Study objectives: In patients with pulmonary hypertension (PH) secondary to congestive heart failure, inhaled nitric oxide (NO) increases pulmonary vascular smooth-muscle intracellular cyclic guanosine monophosphate (cGMP) concentration, thereby decreasing pulmonary vascular resistance (PVR) and increasing cardiac index (CI). However, these beneficial effects of inhaled NO are limited in magnitude and duration, at least in part due to cGMP hydrolysis by the type 5 isoform of phosphodiesterase (PDE5). The goal of this study was to determine the acute pulmonary and systemic hemodynamic effects of the selective PDE5 inhibitor, sildenafil, administered alone or in combination with inhaled NO in patients with congestive heart failure and PH.

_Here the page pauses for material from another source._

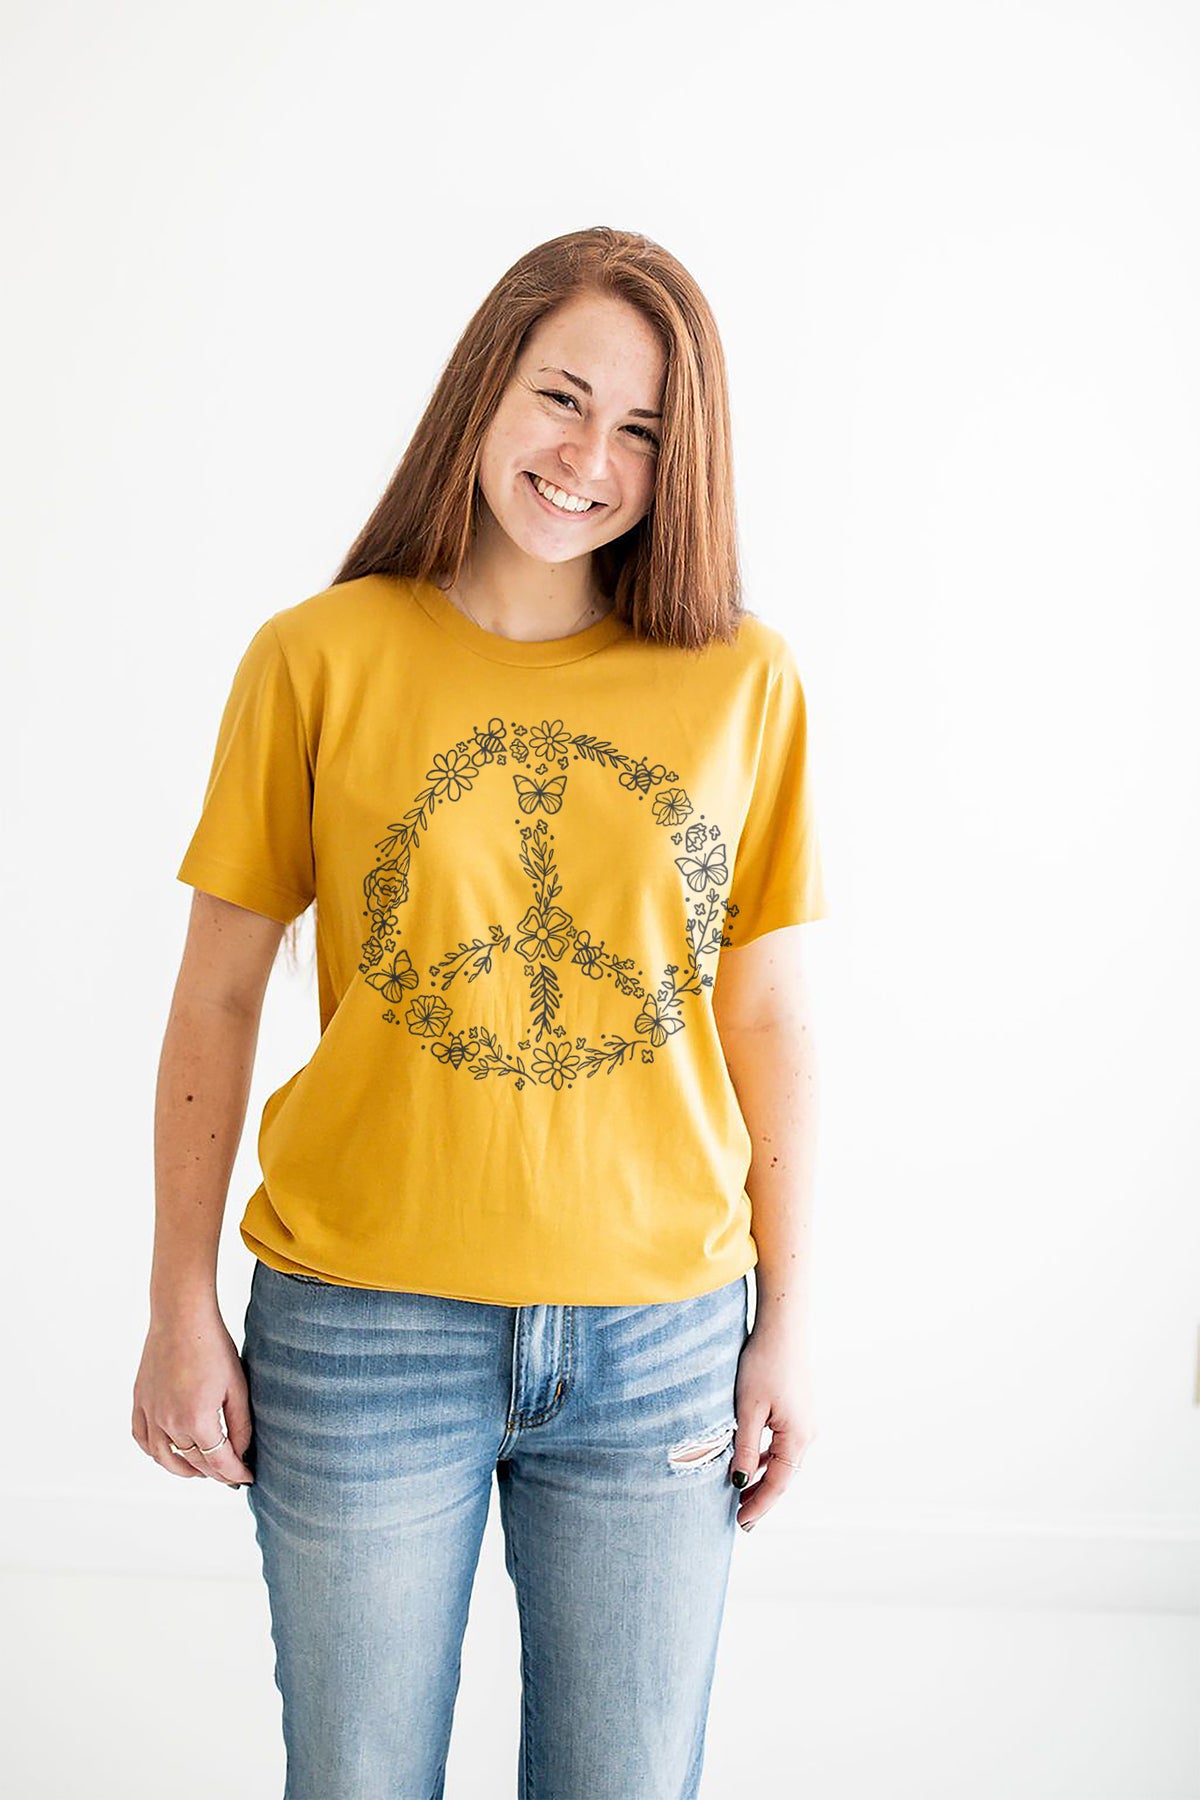 Pollinator Peace Sign Shirt

Design: Single center, case series, pharmacohemodynamic study.

Setting: Cardiac catheterization laboratory of a tertiary care academic teaching hospital.

Patients: We studied 11 patients with left ventricular systolic dysfunction due to coronary artery disease or idiopathic dilated cardiomyopathy who had PH.

Interventions: We administered oral sildenafil (50 mg), inhaled NO (80 ppm), and the combination of sildenafil and inhaled NO during right-heart and micromanometer left-heart catheterization.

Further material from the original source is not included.